Hacker News new | past | comments | ask | show | jobs | submit login
Making Python Less Random (healeycodes.com)
87 points by healeycodes 4 months ago | hide | past | favorite | 43 comments



Another way to do this that covers more sources of non-determinism would be to run your python code under Meta’s Hermit: https://developers.facebook.com/blog/post/2022/11/22/hermit-...


Well, I never had issues with finding threading bugs on a normal Linux. The flakiness in Meta software tests, at least of the open source published kind, is that the code bases are a mess and are rewritten every two weeks, because apparently LOC is the measure of success.


I'm... confused. Being able to intercept and modify syscalls is a neat trick, but why is it applicable here?

In python you generally have two kinds of randomness: cryptographically-secure randomness, and pseudorandomness. The general recommendation is: if you need a CSRNG, use ``os.urandom`` -- or, more recently, the stdlib ``secrets`` module. But if it doesn't need to be cryptographically secure, you should use the stdlib ``random`` module.

The thing is, the ``random`` module gives you the ability to seed and re-seed the underlying PRNG state machine. You can even create your own instances of the PRNG state machine, if you want to isolate yourself from other libraries, and then you can seed or reseed that state machine at will without affecting anything else. So for pseudorandom "randomness", the stdlib already exposes a purpose-built function that does exactly what the OP needs. Also, within individual tests, it's perfectly possible to monkeypatch the root PRNG in the random module with your own temporary copy, modify the seed, etc, so you can even make this work on a per-test basis, using completely bog-standard python, no special sauce required. Well-written libraries even expose this as a primitive for dependency injection, so that you can have direct control over the PRNG.

Meanwhile, for applications that require CSRNG... you really shouldn't be writing code that is testing for a deterministic result. At least in my experience, assuming you aren't testing the implementation of cryptographic primitives, there are always better strategies -- things like round-trip tests, for example.

So... are the 3rd-party deps just "misbehaving" and calling ``os.urandom`` for no reason? Does the OP author not know about ``random.seed``? Does the author want to avoid monkeypatches in tests (which are completely standard practice in python)? Is there something else going on entirely?
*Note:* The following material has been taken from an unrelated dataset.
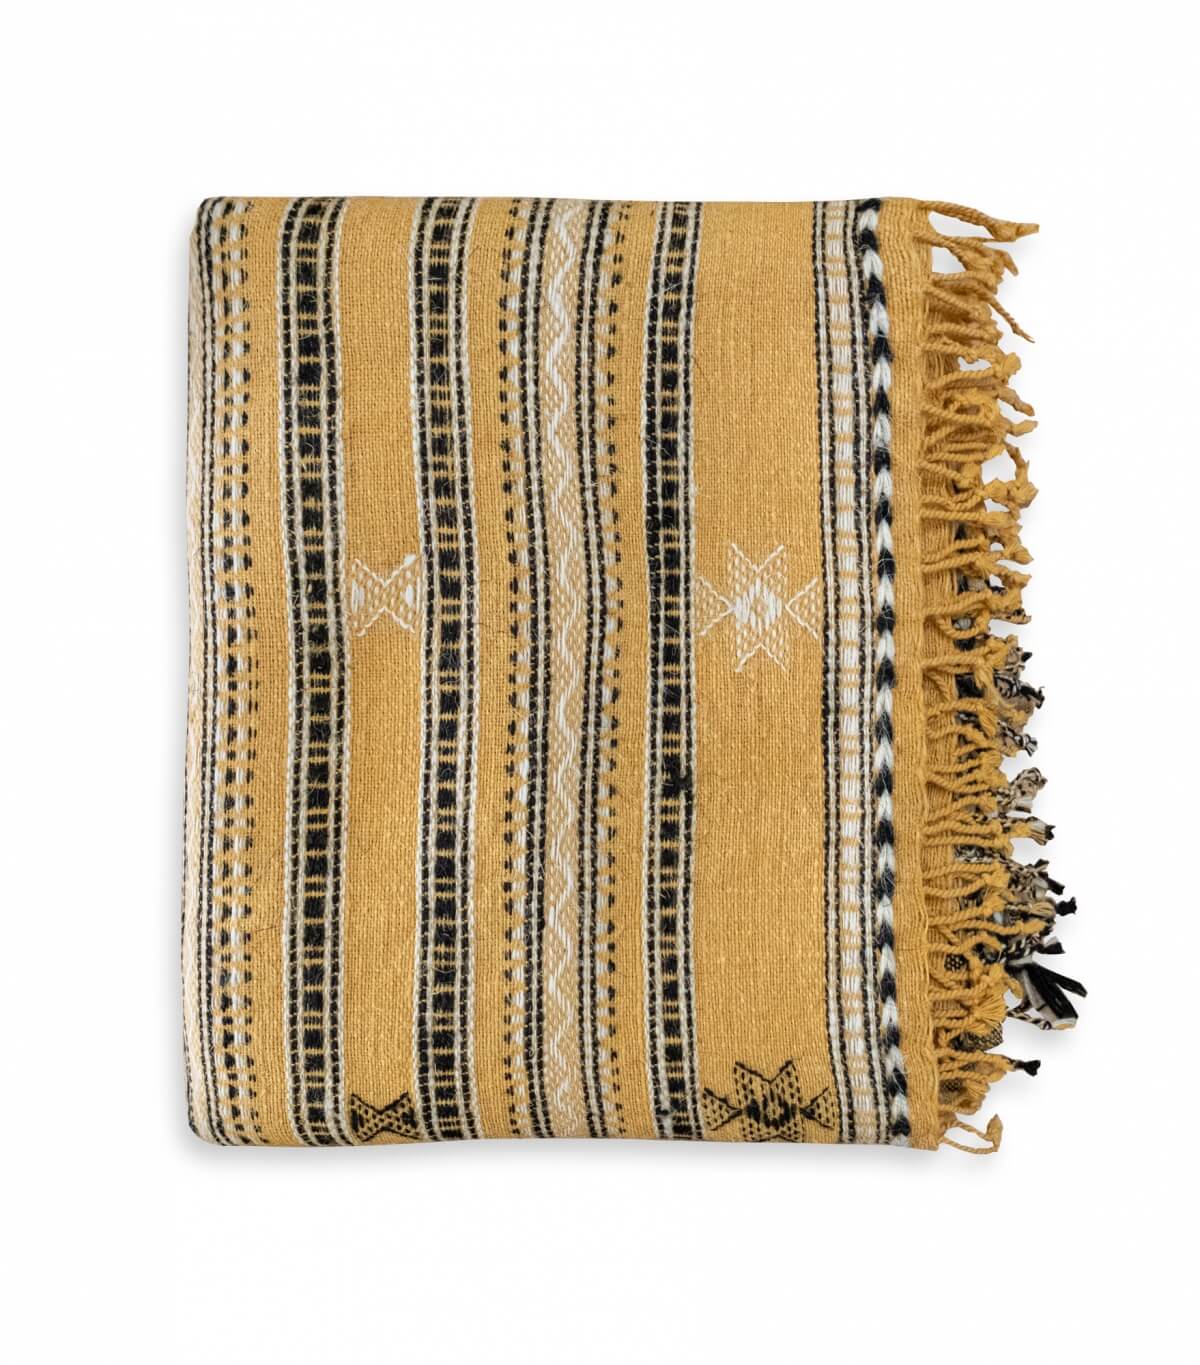 Kutchi Indian scarf 39x78 inches - mustard yellow

Intercepting syscalls to get deterministic randomness in python really feels like bringing an atom bomb to a game of fingerguns.


The article makes it fairly clear they this is mainly a kind of nerd-sniping - there are better solutions for practical purposes, but the author wanted to explore a different approach and learn a bit about syscall interception along the way.


If you're developing a game, there's a fairly big issue in that many things may be requesting values from, and thus incrementing, the PRNG, and many of them could be indirectly controlled by the user (where they are, where they're looking, etc. https://www.youtube.com/watch?v=1hs451PfFzQ is a fun video about reverse-engineering Zelda to predict the randomness in a minigame)

As far as the approach, I agree in that I don't understand why 'no code changes' is that important, especially in the context of Python which has a general attitude of consent towards monkeypatching code. Maybe one of the randomness sources was hashing all the source files? :P


Python has perhaps the least tolerant culture toward monkeypatching of languages that are capable of it. Outside a couple well-known common cases (gevent, I think?) it’s widely frowned upon.


Monkey-patching is usually the wrong solution because python is extremely extensible. These days I can’t think of reasons.

Back in the day, sometimes we had to monkey-patch interface layers like database drivers and other code that was open to modification but closed to extension. Usually to disable some legacy or proprietary feature that broke everything else. Like “you have to use a database from 1993” and it had a `assert check_winxp_version()` or something dumb in an `__init__.py` top-level.

These days, there are mature or python-native solutions to all of those that I recall.

- However! This article is more like using the debugger and ptrace as a Game Genie or save editor than about the utility of `prng = random.Random(123)`. The actual point of the article wasn’t much about python ;)


That video was awesome!


To be fair to the OP, the implicitness in Python in general and the random seeding in particular is confusing, especially if 3rd party modules are involved.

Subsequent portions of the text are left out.